Moyer’s latest project is PopFab, a tiny fabrication multi-tool that he developed alongside MIT Center for Bits and Atoms PhD student Nadya Peek. PopFab packs a CNC mill, 3-D printer, vinyl cutter, and drawing tool into a briefcase, letting designers carry a tiny, nomadic fabrication workshop with them wherever they go. The duo call it “a multi-tool for the 21st century.”

As Moyer and Peek demonstrate, PopFab is fairly simple to set up. Inside the suitcase sits a computer-controlled motion platform, which serves as the work stage. A mechanical arm hangs above it, connected to a detachable head. You hook up your laptop and choose which printer head and material you’re going to use, and the machine whirs to life. In their introductory video, they start small by printing a little plastic goldfish–but it’s easy to imagine the broader implications of a portable fab lab, especially in remote undeserved parts of the world.

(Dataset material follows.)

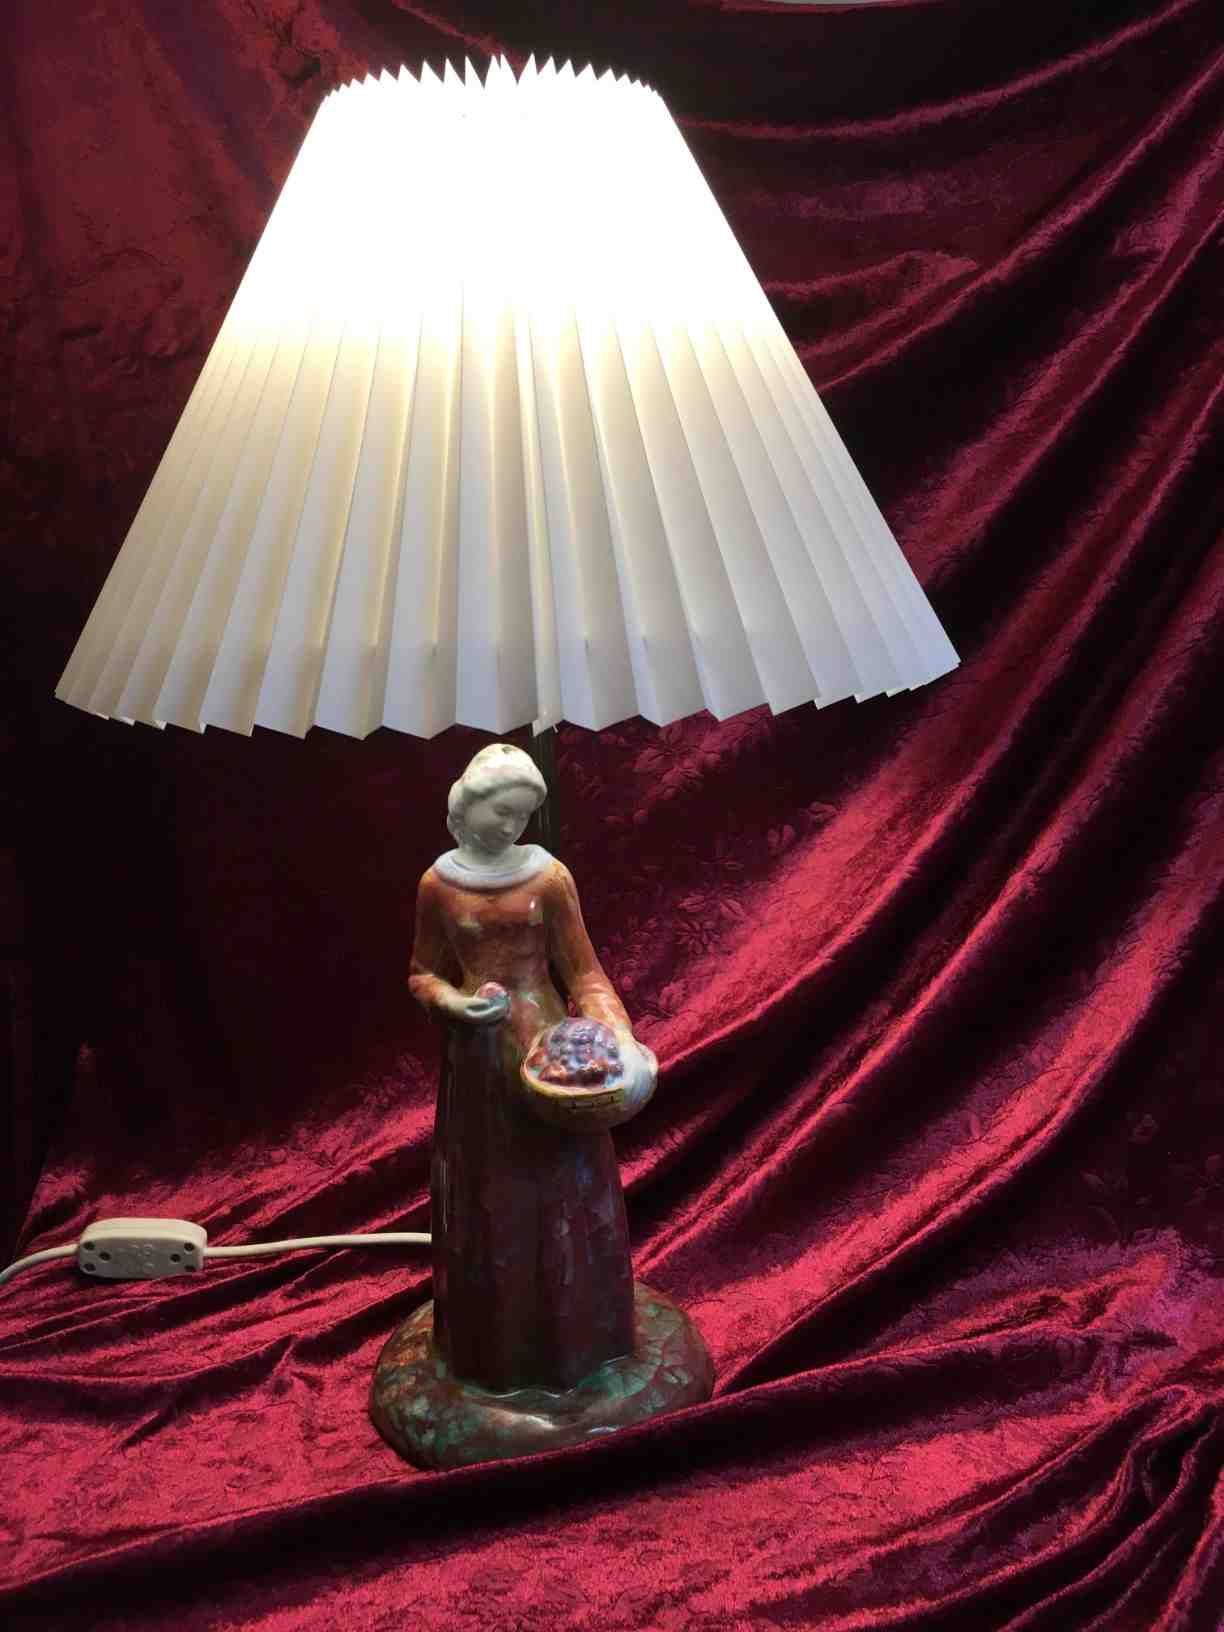 Michael Andersen Bordlampe, prydet med kvinde, keramik, med Persiaglasur, lampestamme af bruneret messing, plisseret skærm, totalhøjde 53 cm. I perfekt stand. Pris: 1.000,- Kr.
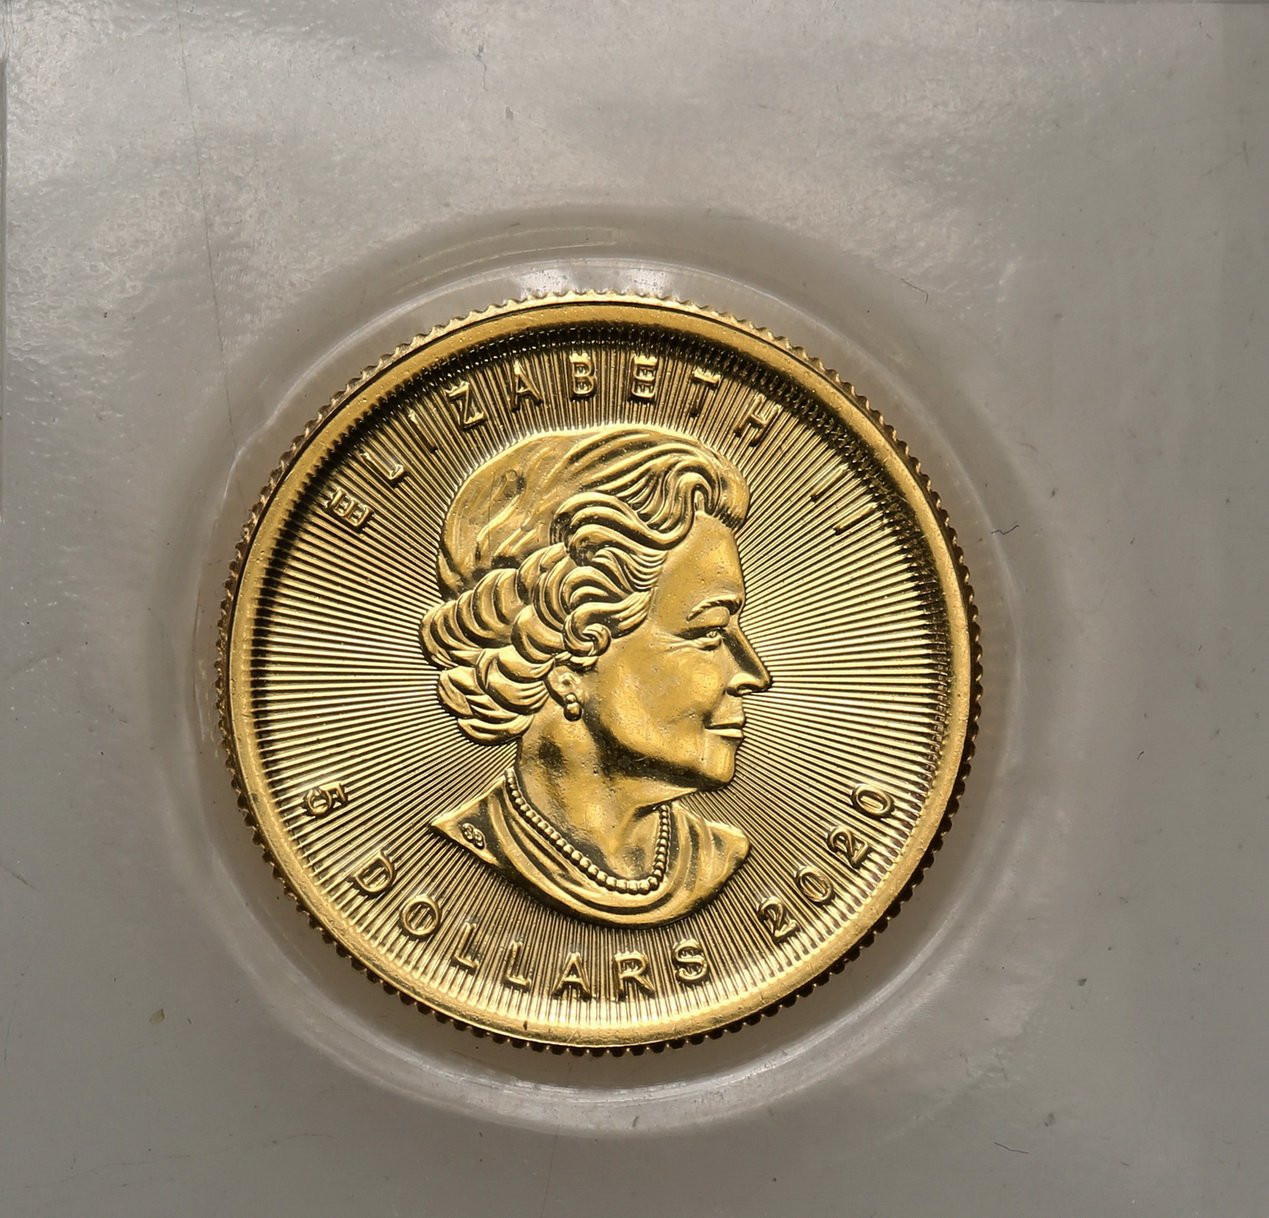 Kanada 5 dolarów 2020 liść klonowy (1/10 uncji złota) st.1

PopFab is the result of years of research and prototyping. Moyer and Peek are strong believers in DIY fabrication, active in the Fab@Home open source movement. In 2009, Moyer built a personal fabricator called FabMate with Indian engineering students. At MIT’s CADLab, he developed a CNC mill that could be built at home for less than $100. At MIT, Peek’s advisor Neil Gershenfeld teaches a class called “How to Make Something that Makes Almost Anything.” It was there that Moyer and Peek built the current prototype, which they say owes much to Gershenfeld’s Machines That Make project.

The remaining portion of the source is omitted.